When Goethe’s The Sorrows of Young Werther was published in 1774, more than 2,000 young male readers reportedly committed suicide, inspired by the protagonist’s example. So extreme was this mania that 200 years later, an American sociologist coined ‘The Werther Effect’ to describe the way that suicide can be contagious, if it is dramatically and widely publicised. The world’s second most popular suicide location is Japan’s Aokigahara Forest, where a young lover commits suicide in the novel Kuroi Jukai (‘The Black Sea of Trees’) by Seicho Matsumoto.

So far, so dangerous, and we haven’t even touched on crime fiction. In Australia, American Psycho is considered so noxious that it can only be sold shrinkwrapped, to over-18s. Such restrictions can only do so much. Theodore Kaczynski, the ‘Unabomber’, who killed three people and injured 23 by posting homemade bombs to addresses he associated with modern technology, was obsessed with the work of Joseph Conrad — especially The Secret Agent, in which an academic turned anarchist attempts to bomb the Greenwich Observatory. To think that a 1907 novel could inspire terrorist attacks three-quarters of a century later is a horrifying example of a book’s latent power. As Antony Burgess, author of A Clockwork Orange, wrote regarding the potential harmful influence of literature: ‘I begin to accept that, as a novelist, I belong to the ranks of the menacing.’

Even the most mundane reading can be menacing in its power. When your head is in a novel, it is all too easy to indulge that which society proscribes. On reading Daphne du Maurier’s Rebecca, for instance, I don’t empathise with the young, naive and wholly good protagonist, as she struggles to cope with being married to Max de Winter at Manderley. Instead I am seduced by the ghost of Rebecca, far more powerful, even from beyond the grave, than the new Mrs de Winter will ever be. The allure of this mysterious adulteress can be felt in something so minor as her handwriting — ‘black and strong’ with her ‘tall and sloping R’ — and certainly at her boathouse, where she had her way with whomever she desired. I’m sure I’m not the only woman who, after reading Rebecca, somewhat longed for a boathouse of my own.

Whenever I read Pride and Prejudice, I admire Elizabeth Bennet for her wit, but part of me loves silly Lydia Bennet all the more. She has all the fun — flirting with officers, dancing non-stop, eloping. We are supposed to disapprove of her, certainly for running off with Wickham and thereby nearly ruining her family, but I can’t help but think lucky Lydia ends up with rather a good deal.

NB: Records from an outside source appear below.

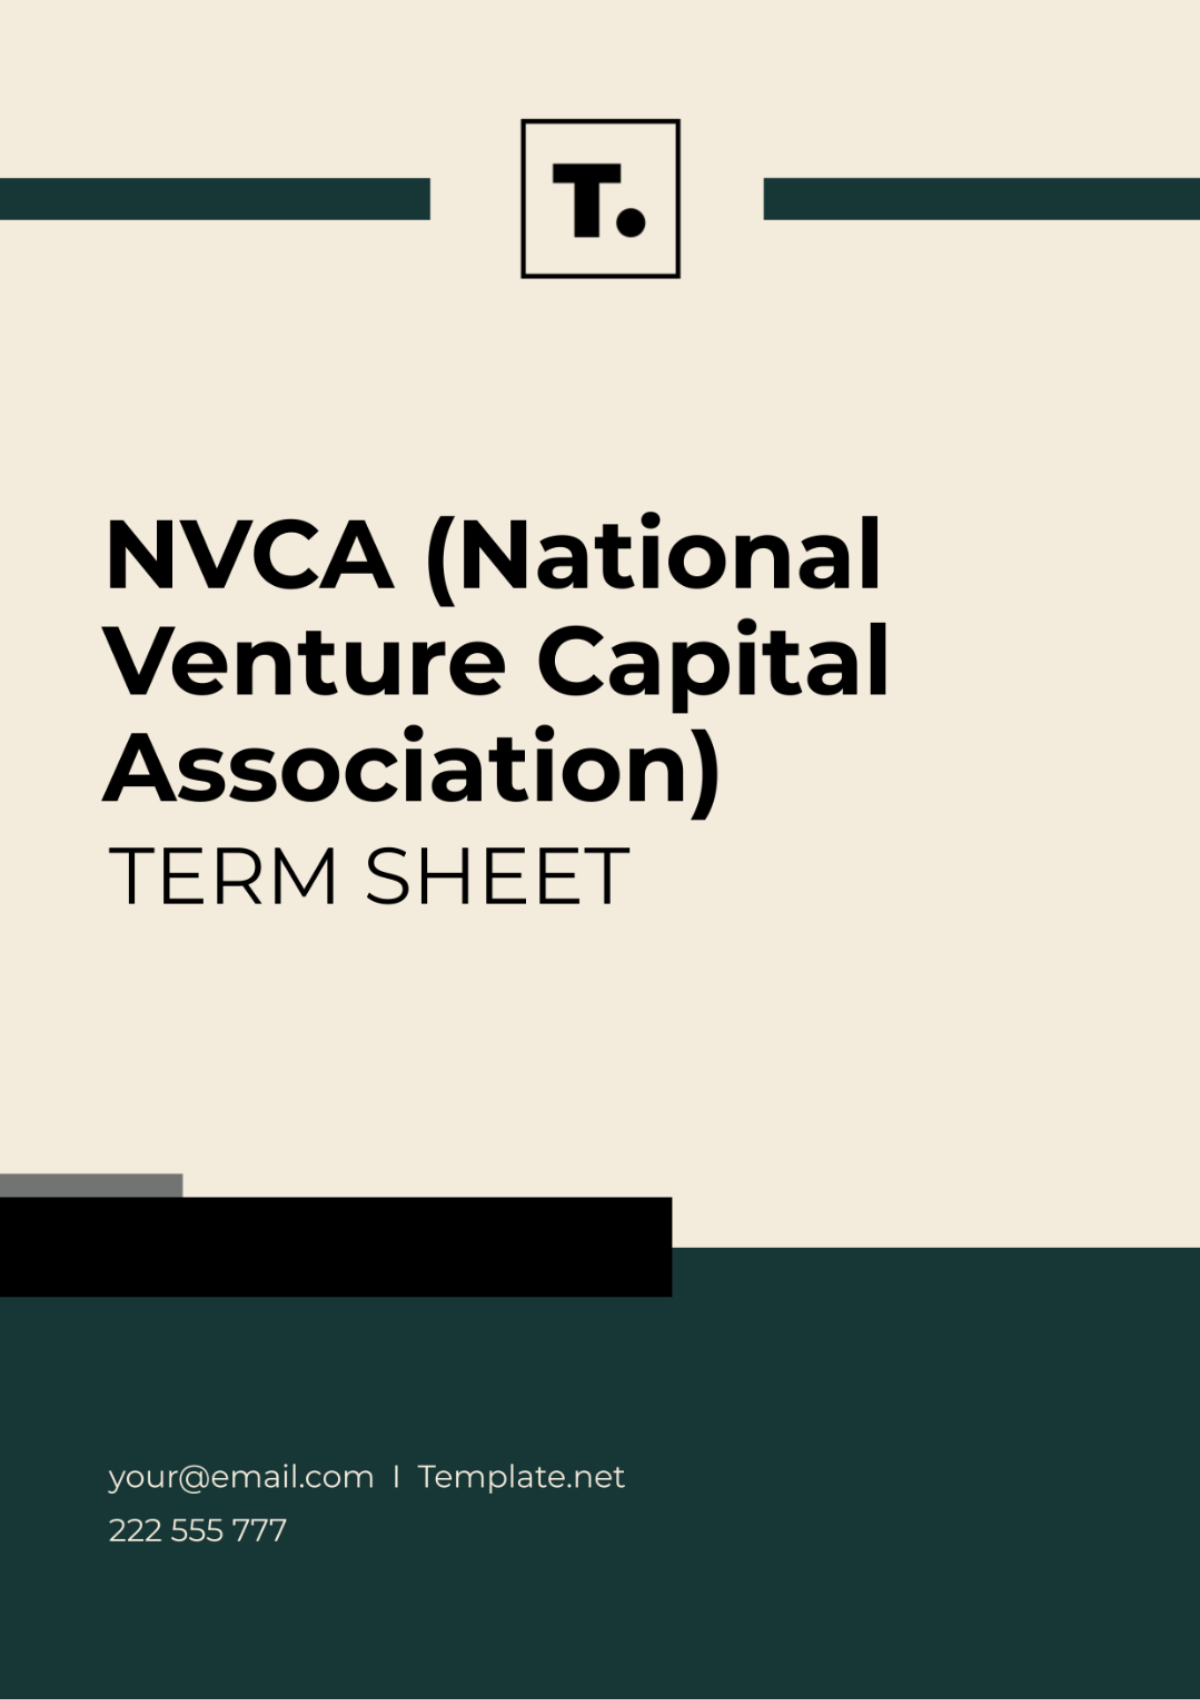 Free NVCA(National Venture Capital Association) Term Sheet Template
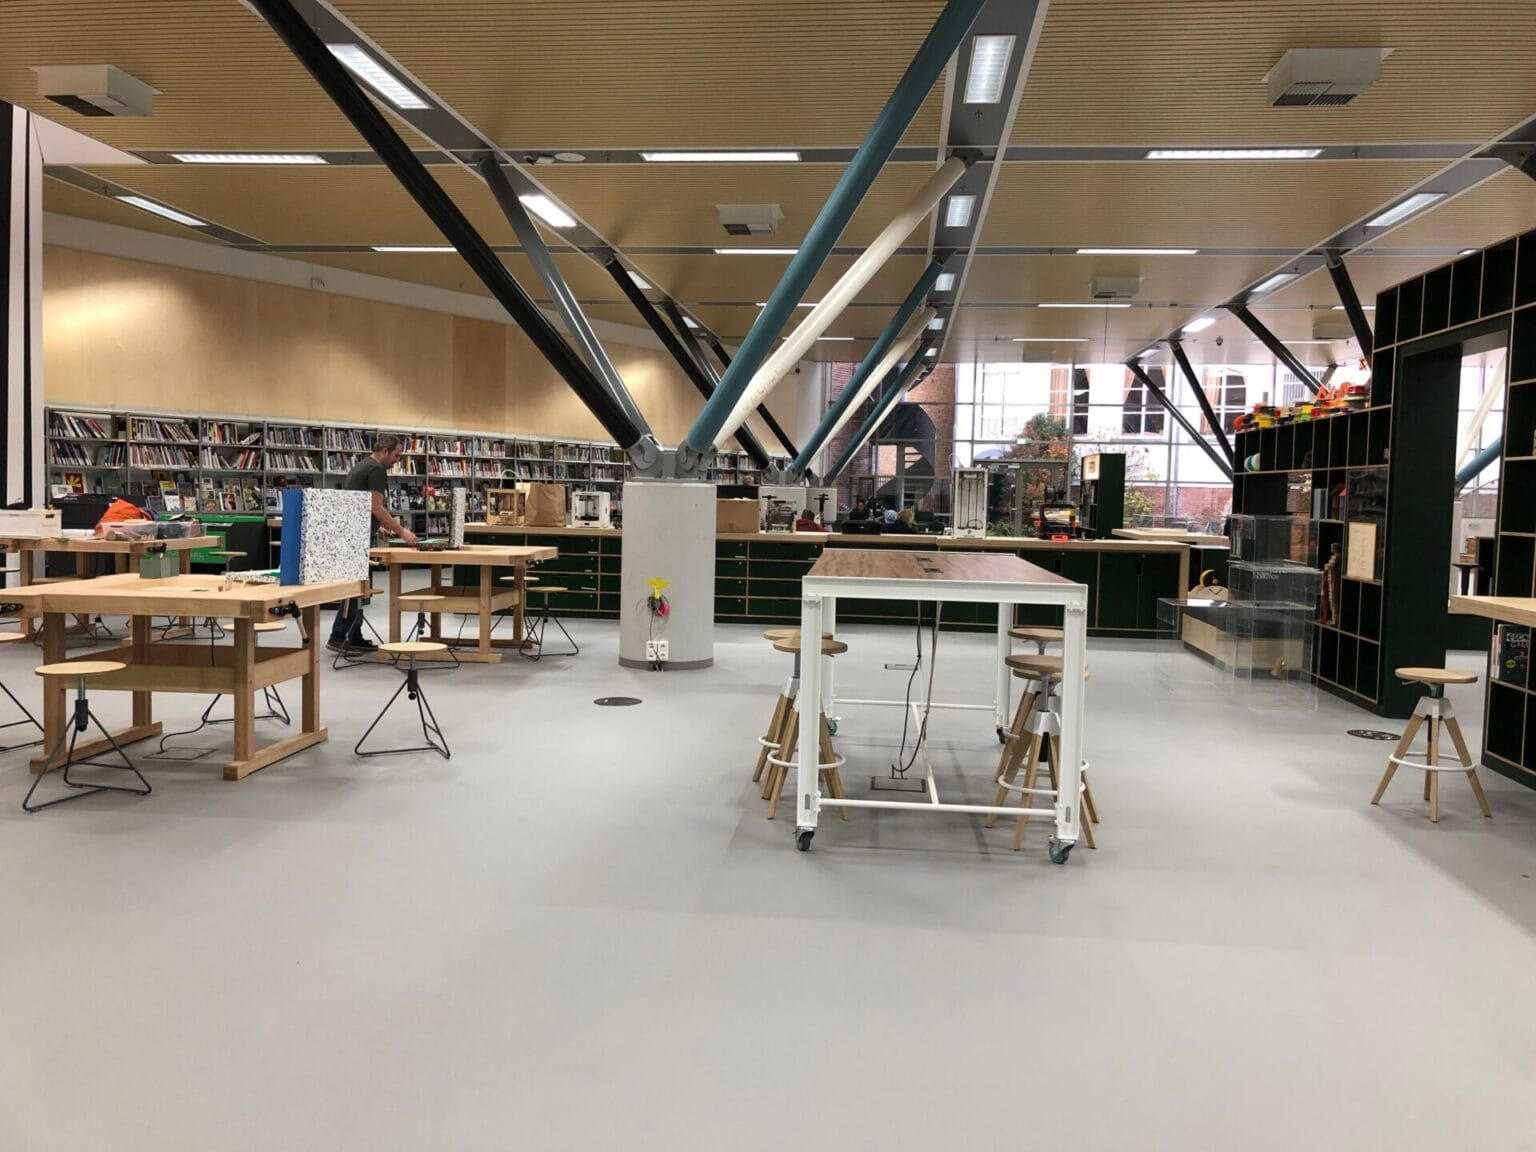 Nieuwe Veste bibliotheek interieur maatwerk kasten betonplex werkbanktafels met kruk Makersbase
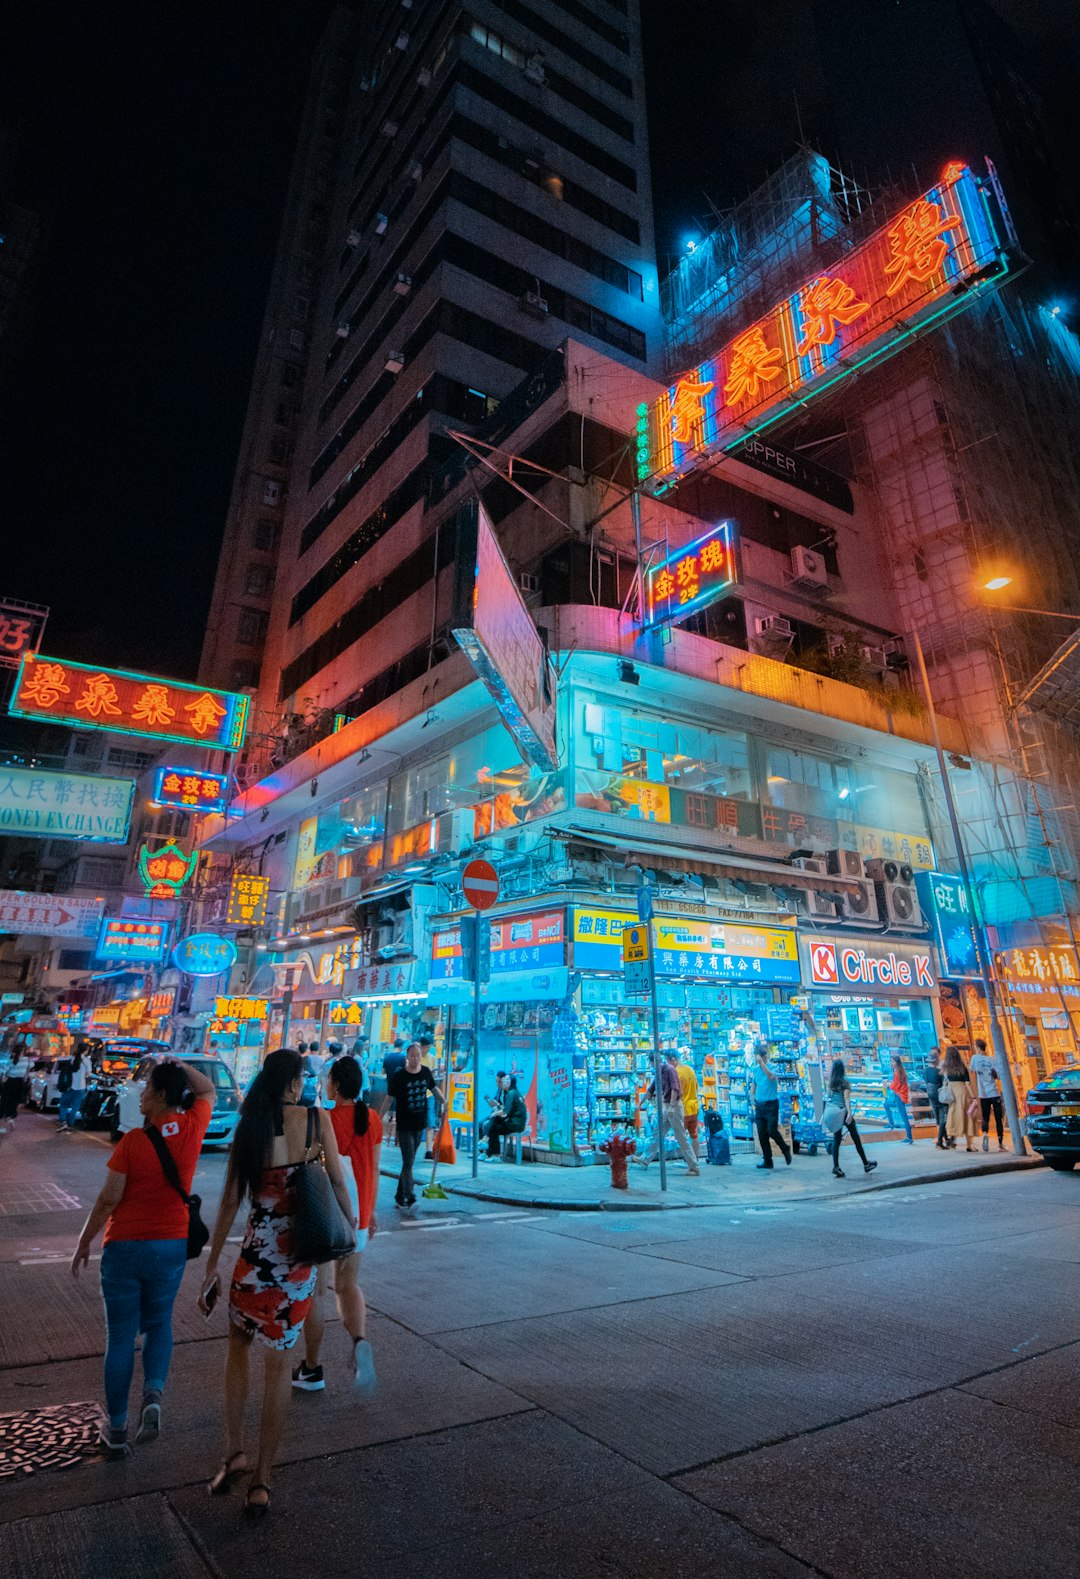 people walking on street during night
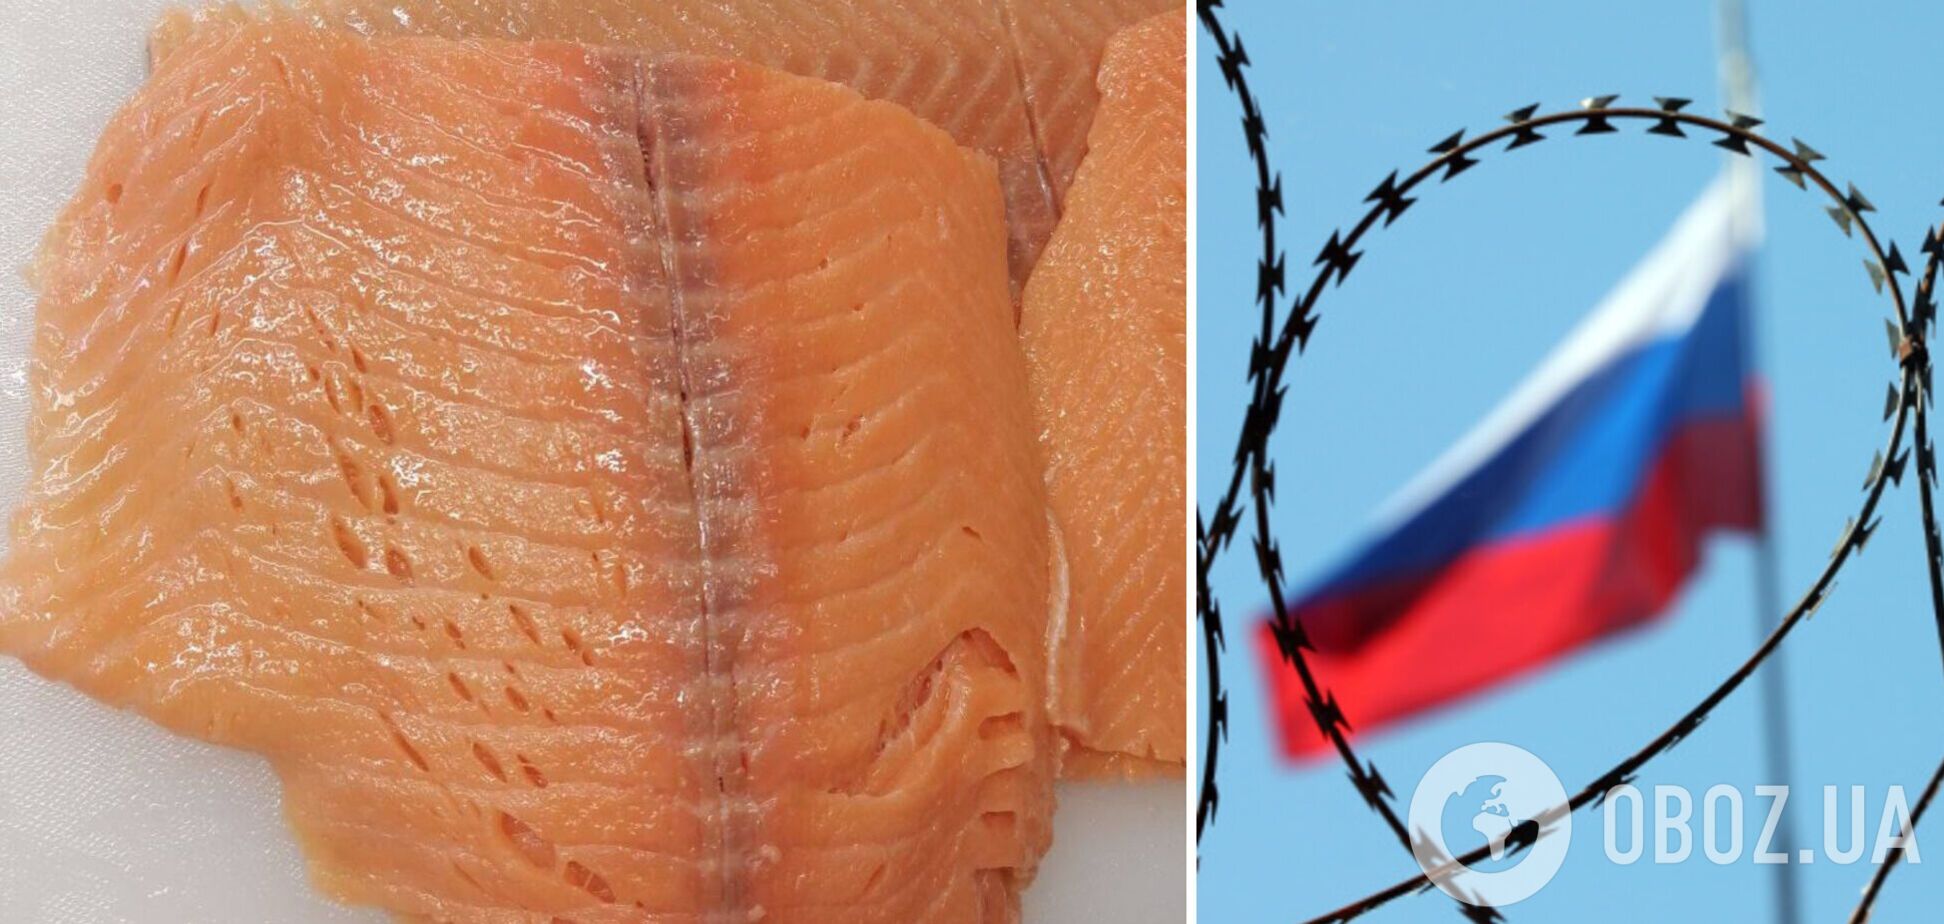 У РФ заклади громадського харчування скоротили закупівлі червоної риби, а в російській знайшли черв'яків та синці
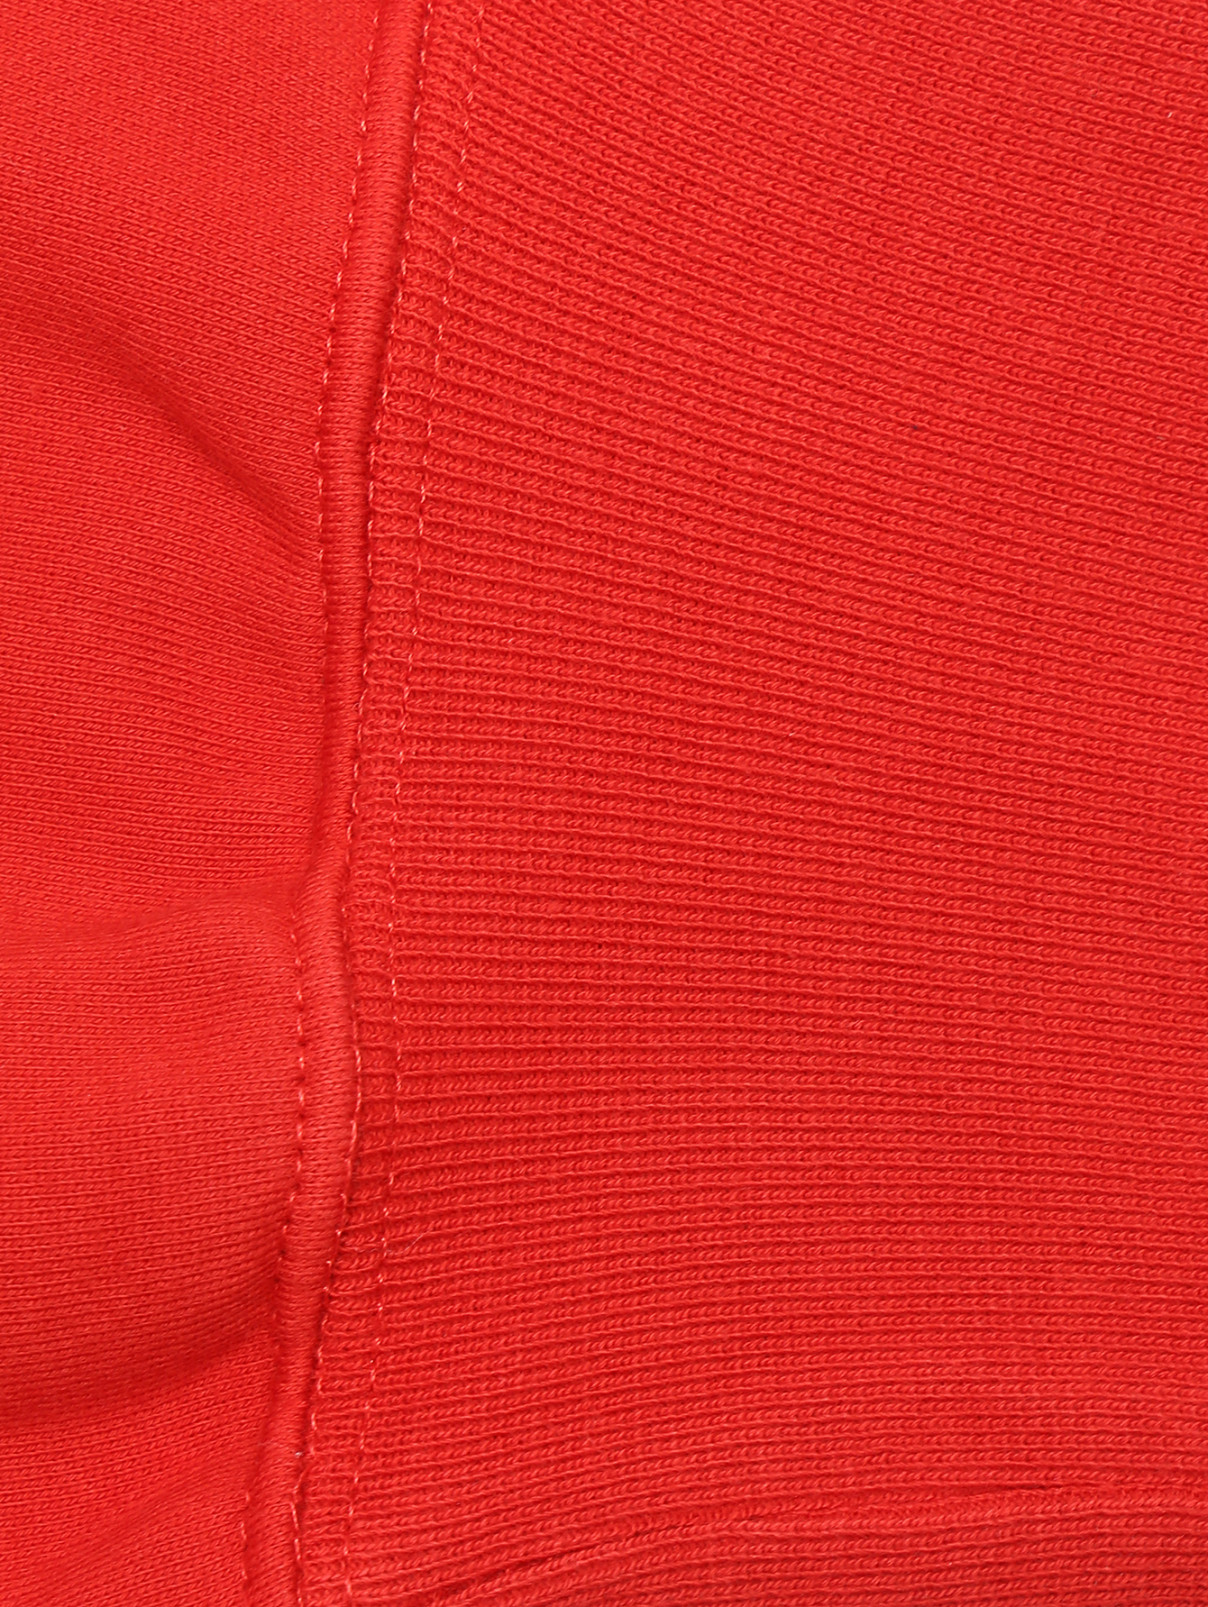 Брюки из хлопка на резинке Ermanno Scervino  –  Деталь1  – Цвет:  Красный

Or, less frivolously, there is Thomas Cromwell. The staggering success of Wolf Hall showed how much those of us more used to supermarket aisles than the corridors of power relished the chance to enter the consciousness of this arch politician. We were all hooked on the intrigue, the twists and manipulations — even murder — that Cromwell managed with such Machiavellian aplomb.

We revel in the danger of books. They can inspire all manner of sins and their power is far too great to be diminished to neat prescriptions and tidy remedies. Underestimate them at your peril.